Your objective:
Retype everything in the listing, leaving each line exactly as it is.

Dataset content:
==================================================

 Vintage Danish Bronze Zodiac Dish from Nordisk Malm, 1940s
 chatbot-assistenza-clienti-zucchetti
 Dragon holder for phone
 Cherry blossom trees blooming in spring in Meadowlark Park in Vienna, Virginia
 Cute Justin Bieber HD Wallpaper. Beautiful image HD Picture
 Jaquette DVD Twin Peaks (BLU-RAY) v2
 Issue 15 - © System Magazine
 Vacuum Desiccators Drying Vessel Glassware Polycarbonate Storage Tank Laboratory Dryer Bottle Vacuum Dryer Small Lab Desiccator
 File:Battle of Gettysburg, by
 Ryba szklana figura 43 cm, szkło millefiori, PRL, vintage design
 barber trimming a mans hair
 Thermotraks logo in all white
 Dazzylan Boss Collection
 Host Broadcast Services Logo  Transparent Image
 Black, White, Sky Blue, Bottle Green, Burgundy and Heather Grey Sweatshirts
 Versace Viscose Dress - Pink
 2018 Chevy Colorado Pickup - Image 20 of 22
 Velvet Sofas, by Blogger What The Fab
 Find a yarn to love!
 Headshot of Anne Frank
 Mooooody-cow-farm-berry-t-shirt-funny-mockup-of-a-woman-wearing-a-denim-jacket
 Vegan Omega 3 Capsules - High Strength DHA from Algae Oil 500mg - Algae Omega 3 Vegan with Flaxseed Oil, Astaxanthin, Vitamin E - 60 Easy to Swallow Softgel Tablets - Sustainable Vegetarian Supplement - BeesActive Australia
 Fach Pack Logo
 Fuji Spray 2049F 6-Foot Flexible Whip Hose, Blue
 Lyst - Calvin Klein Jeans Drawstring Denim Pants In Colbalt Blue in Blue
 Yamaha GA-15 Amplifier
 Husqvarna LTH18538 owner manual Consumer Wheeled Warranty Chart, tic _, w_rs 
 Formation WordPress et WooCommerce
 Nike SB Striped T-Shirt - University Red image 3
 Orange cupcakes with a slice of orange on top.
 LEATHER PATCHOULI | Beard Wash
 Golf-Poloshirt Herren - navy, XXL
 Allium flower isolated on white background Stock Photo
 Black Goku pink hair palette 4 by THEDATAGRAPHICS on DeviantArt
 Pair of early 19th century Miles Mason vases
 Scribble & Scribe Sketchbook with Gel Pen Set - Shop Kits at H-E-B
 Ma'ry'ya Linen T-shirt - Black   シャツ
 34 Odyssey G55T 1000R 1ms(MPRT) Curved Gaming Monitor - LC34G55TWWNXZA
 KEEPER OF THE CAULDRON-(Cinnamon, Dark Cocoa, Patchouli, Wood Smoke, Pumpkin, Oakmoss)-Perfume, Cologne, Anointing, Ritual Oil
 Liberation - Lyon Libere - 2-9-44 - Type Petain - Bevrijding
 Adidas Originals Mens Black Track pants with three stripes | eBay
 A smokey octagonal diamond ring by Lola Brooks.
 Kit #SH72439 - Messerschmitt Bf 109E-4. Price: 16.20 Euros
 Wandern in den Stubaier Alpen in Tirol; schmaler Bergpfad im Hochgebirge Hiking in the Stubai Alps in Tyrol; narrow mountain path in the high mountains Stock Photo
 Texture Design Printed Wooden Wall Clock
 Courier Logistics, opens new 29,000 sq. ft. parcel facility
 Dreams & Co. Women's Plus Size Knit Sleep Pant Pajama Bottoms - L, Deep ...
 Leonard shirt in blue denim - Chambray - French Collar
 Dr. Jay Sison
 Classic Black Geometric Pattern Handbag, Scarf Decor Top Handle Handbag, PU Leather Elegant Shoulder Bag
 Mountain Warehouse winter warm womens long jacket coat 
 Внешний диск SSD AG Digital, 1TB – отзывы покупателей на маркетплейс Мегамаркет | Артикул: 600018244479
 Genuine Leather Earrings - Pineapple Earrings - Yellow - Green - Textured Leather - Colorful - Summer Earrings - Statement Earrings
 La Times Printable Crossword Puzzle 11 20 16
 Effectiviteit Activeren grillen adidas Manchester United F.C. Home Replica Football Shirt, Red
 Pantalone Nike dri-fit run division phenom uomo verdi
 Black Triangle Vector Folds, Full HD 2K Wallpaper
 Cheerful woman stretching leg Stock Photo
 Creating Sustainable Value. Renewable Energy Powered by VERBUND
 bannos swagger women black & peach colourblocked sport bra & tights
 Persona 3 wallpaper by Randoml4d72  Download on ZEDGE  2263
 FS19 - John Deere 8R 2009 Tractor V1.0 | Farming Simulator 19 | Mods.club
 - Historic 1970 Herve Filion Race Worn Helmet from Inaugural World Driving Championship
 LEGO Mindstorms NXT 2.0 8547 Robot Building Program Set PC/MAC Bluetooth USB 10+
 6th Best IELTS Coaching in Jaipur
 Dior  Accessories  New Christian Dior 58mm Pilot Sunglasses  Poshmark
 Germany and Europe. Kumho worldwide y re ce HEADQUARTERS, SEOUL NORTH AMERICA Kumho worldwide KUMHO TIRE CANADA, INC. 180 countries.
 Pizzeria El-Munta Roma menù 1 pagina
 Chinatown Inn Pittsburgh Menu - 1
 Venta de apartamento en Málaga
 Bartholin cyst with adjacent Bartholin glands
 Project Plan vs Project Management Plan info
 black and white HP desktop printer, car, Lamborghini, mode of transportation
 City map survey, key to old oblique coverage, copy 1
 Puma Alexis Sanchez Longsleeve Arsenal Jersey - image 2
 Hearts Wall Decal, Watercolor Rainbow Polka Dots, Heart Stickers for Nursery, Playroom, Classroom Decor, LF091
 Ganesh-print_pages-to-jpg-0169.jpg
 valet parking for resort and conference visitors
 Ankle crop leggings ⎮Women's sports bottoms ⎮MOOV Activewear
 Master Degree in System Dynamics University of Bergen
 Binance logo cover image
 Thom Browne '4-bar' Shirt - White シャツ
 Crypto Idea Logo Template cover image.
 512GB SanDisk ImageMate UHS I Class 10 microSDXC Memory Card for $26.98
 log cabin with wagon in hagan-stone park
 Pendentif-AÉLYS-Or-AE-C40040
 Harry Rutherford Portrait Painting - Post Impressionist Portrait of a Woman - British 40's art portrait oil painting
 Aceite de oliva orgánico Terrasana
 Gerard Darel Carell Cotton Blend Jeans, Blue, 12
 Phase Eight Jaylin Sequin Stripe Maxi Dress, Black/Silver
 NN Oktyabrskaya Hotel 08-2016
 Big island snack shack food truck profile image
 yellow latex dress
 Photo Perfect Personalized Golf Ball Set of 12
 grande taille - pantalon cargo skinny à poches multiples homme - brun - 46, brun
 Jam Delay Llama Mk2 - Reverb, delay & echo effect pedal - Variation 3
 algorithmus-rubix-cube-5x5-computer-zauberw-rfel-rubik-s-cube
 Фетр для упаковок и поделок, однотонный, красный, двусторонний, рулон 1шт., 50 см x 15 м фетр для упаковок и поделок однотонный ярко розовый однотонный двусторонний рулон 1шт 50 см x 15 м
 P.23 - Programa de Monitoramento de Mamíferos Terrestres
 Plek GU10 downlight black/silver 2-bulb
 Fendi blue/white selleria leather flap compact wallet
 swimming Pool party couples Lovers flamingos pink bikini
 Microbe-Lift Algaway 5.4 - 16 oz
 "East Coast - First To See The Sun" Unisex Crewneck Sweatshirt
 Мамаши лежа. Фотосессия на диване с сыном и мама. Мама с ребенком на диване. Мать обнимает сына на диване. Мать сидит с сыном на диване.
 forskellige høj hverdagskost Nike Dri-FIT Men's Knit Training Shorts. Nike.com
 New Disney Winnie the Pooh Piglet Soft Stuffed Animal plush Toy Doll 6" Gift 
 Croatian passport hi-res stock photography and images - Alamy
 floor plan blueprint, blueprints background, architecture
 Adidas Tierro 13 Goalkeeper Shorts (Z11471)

==================================================

Exercise answer:
 Vintage Danish Bronze Zodiac Dish from Nordisk Malm, 1940s
 chatbot-assistenza-clienti-zucchetti
 Dragon holder for phone
 Cherry blossom trees blooming in spring in Meadowlark Park in Vienna, Virginia
 Cute Justin Bieber HD Wallpaper. Beautiful image HD Picture
 Jaquette DVD Twin Peaks (BLU-RAY) v2
 Issue 15 - © System Magazine
 Vacuum Desiccators Drying Vessel Glassware Polycarbonate Storage Tank Laboratory Dryer Bottle Vacuum Dryer Small Lab Desiccator
 File:Battle of Gettysburg, by
 Ryba szklana figura 43 cm, szkło millefiori, PRL, vintage design
 barber trimming a mans hair
 Thermotraks logo in all white
 Dazzylan Boss Collection
 Host Broadcast Services Logo  Transparent Image
 Black, White, Sky Blue, Bottle Green, Burgundy and Heather Grey Sweatshirts
 Versace Viscose Dress - Pink
 2018 Chevy Colorado Pickup - Image 20 of 22
 Velvet Sofas, by Blogger What The Fab
 Find a yarn to love!
 Headshot of Anne Frank
 Mooooody-cow-farm-berry-t-shirt-funny-mockup-of-a-woman-wearing-a-denim-jacket
 Vegan Omega 3 Capsules - High Strength DHA from Algae Oil 500mg - Algae Omega 3 Vegan with Flaxseed Oil, Astaxanthin, Vitamin E - 60 Easy to Swallow Softgel Tablets - Sustainable Vegetarian Supplement - BeesActive Australia
 Fach Pack Logo
 Fuji Spray 2049F 6-Foot Flexible Whip Hose, Blue
 Lyst - Calvin Klein Jeans Drawstring Denim Pants In Colbalt Blue in Blue
 Yamaha GA-15 Amplifier
 Husqvarna LTH18538 owner manual Consumer Wheeled Warranty Chart, tic _, w_rs 
 Formation WordPress et WooCommerce
 Nike SB Striped T-Shirt - University Red image 3
 Orange cupcakes with a slice of orange on top.
 LEATHER PATCHOULI | Beard Wash
 Golf-Poloshirt Herren - navy, XXL
 Allium flower isolated on white background Stock Photo
 Black Goku pink hair palette 4 by THEDATAGRAPHICS on DeviantArt
 Pair of early 19th century Miles Mason vases
 Scribble & Scribe Sketchbook with Gel Pen Set - Shop Kits at H-E-B
 Ma'ry'ya Linen T-shirt - Black   シャツ
 34 Odyssey G55T 1000R 1ms(MPRT) Curved Gaming Monitor - LC34G55TWWNXZA
 KEEPER OF THE CAULDRON-(Cinnamon, Dark Cocoa, Patchouli, Wood Smoke, Pumpkin, Oakmoss)-Perfume, Cologne, Anointing, Ritual Oil
 Liberation - Lyon Libere - 2-9-44 - Type Petain - Bevrijding
 Adidas Originals Mens Black Track pants with three stripes | eBay
 A smokey octagonal diamond ring by Lola Brooks.
 Kit #SH72439 - Messerschmitt Bf 109E-4. Price: 16.20 Euros
 Wandern in den Stubaier Alpen in Tirol; schmaler Bergpfad im Hochgebirge Hiking in the Stubai Alps in Tyrol; narrow mountain path in the high mountains Stock Photo
 Texture Design Printed Wooden Wall Clock
 Courier Logistics, opens new 29,000 sq. ft. parcel facility
 Dreams & Co. Women's Plus Size Knit Sleep Pant Pajama Bottoms - L, Deep ...
 Leonard shirt in blue denim - Chambray - French Collar
 Dr. Jay Sison
 Classic Black Geometric Pattern Handbag, Scarf Decor Top Handle Handbag, PU Leather Elegant Shoulder Bag
 Mountain Warehouse winter warm womens long jacket coat 
 Внешний диск SSD AG Digital, 1TB – отзывы покупателей на маркетплейс Мегамаркет | Артикул: 600018244479
 Genuine Leather Earrings - Pineapple Earrings - Yellow - Green - Textured Leather - Colorful - Summer Earrings - Statement Earrings
 La Times Printable Crossword Puzzle 11 20 16
 Effectiviteit Activeren grillen adidas Manchester United F.C. Home Replica Football Shirt, Red
 Pantalone Nike dri-fit run division phenom uomo verdi
 Black Triangle Vector Folds, Full HD 2K Wallpaper
 Cheerful woman stretching leg Stock Photo
 Creating Sustainable Value. Renewable Energy Powered by VERBUND
 bannos swagger women black & peach colourblocked sport bra & tights
 Persona 3 wallpaper by Randoml4d72  Download on ZEDGE  2263
 FS19 - John Deere 8R 2009 Tractor V1.0 | Farming Simulator 19 | Mods.club
 - Historic 1970 Herve Filion Race Worn Helmet from Inaugural World Driving Championship
 LEGO Mindstorms NXT 2.0 8547 Robot Building Program Set PC/MAC Bluetooth USB 10+
 6th Best IELTS Coaching in Jaipur
 Dior  Accessories  New Christian Dior 58mm Pilot Sunglasses  Poshmark
 Germany and Europe. Kumho worldwide y re ce HEADQUARTERS, SEOUL NORTH AMERICA Kumho worldwide KUMHO TIRE CANADA, INC. 180 countries.
 Pizzeria El-Munta Roma menù 1 pagina
 Chinatown Inn Pittsburgh Menu - 1
 Venta de apartamento en Málaga
 Bartholin cyst with adjacent Bartholin glands
 Project Plan vs Project Management Plan info
 black and white HP desktop printer, car, Lamborghini, mode of transportation
 City map survey, key to old oblique coverage, copy 1
 Puma Alexis Sanchez Longsleeve Arsenal Jersey - image 2
 Hearts Wall Decal, Watercolor Rainbow Polka Dots, Heart Stickers for Nursery, Playroom, Classroom Decor, LF091
 Ganesh-print_pages-to-jpg-0169.jpg
 valet parking for resort and conference visitors
 Ankle crop leggings ⎮Women's sports bottoms ⎮MOOV Activewear
 Master Degree in System Dynamics University of Bergen
 Binance logo cover image
 Thom Browne '4-bar' Shirt - White シャツ
 Crypto Idea Logo Template cover image.
 512GB SanDisk ImageMate UHS I Class 10 microSDXC Memory Card for $26.98
 log cabin with wagon in hagan-stone park
 Pendentif-AÉLYS-Or-AE-C40040
 Harry Rutherford Portrait Painting - Post Impressionist Portrait of a Woman - British 40's art portrait oil painting
 Aceite de oliva orgánico Terrasana
 Gerard Darel Carell Cotton Blend Jeans, Blue, 12
 Phase Eight Jaylin Sequin Stripe Maxi Dress, Black/Silver
 NN Oktyabrskaya Hotel 08-2016
 Big island snack shack food truck profile image
 yellow latex dress
 Photo Perfect Personalized Golf Ball Set of 12
 grande taille - pantalon cargo skinny à poches multiples homme - brun - 46, brun
 Jam Delay Llama Mk2 - Reverb, delay & echo effect pedal - Variation 3
 algorithmus-rubix-cube-5x5-computer-zauberw-rfel-rubik-s-cube
 Фетр для упаковок и поделок, однотонный, красный, двусторонний, рулон 1шт., 50 см x 15 м фетр для упаковок и поделок однотонный ярко розовый однотонный двусторонний рулон 1шт 50 см x 15 м
 P.23 - Programa de Monitoramento de Mamíferos Terrestres
 Plek GU10 downlight black/silver 2-bulb
 Fendi blue/white selleria leather flap compact wallet
 swimming Pool party couples Lovers flamingos pink bikini
 Microbe-Lift Algaway 5.4 - 16 oz
 "East Coast - First To See The Sun" Unisex Crewneck Sweatshirt
 Мамаши лежа. Фотосессия на диване с сыном и мама. Мама с ребенком на диване. Мать обнимает сына на диване. Мать сидит с сыном на диване.
 forskellige høj hverdagskost Nike Dri-FIT Men's Knit Training Shorts. Nike.com
 New Disney Winnie the Pooh Piglet Soft Stuffed Animal plush Toy Doll 6" Gift 
 Croatian passport hi-res stock photography and images - Alamy
 floor plan blueprint, blueprints background, architecture
 Adidas Tierro 13 Goalkeeper Shorts (Z11471)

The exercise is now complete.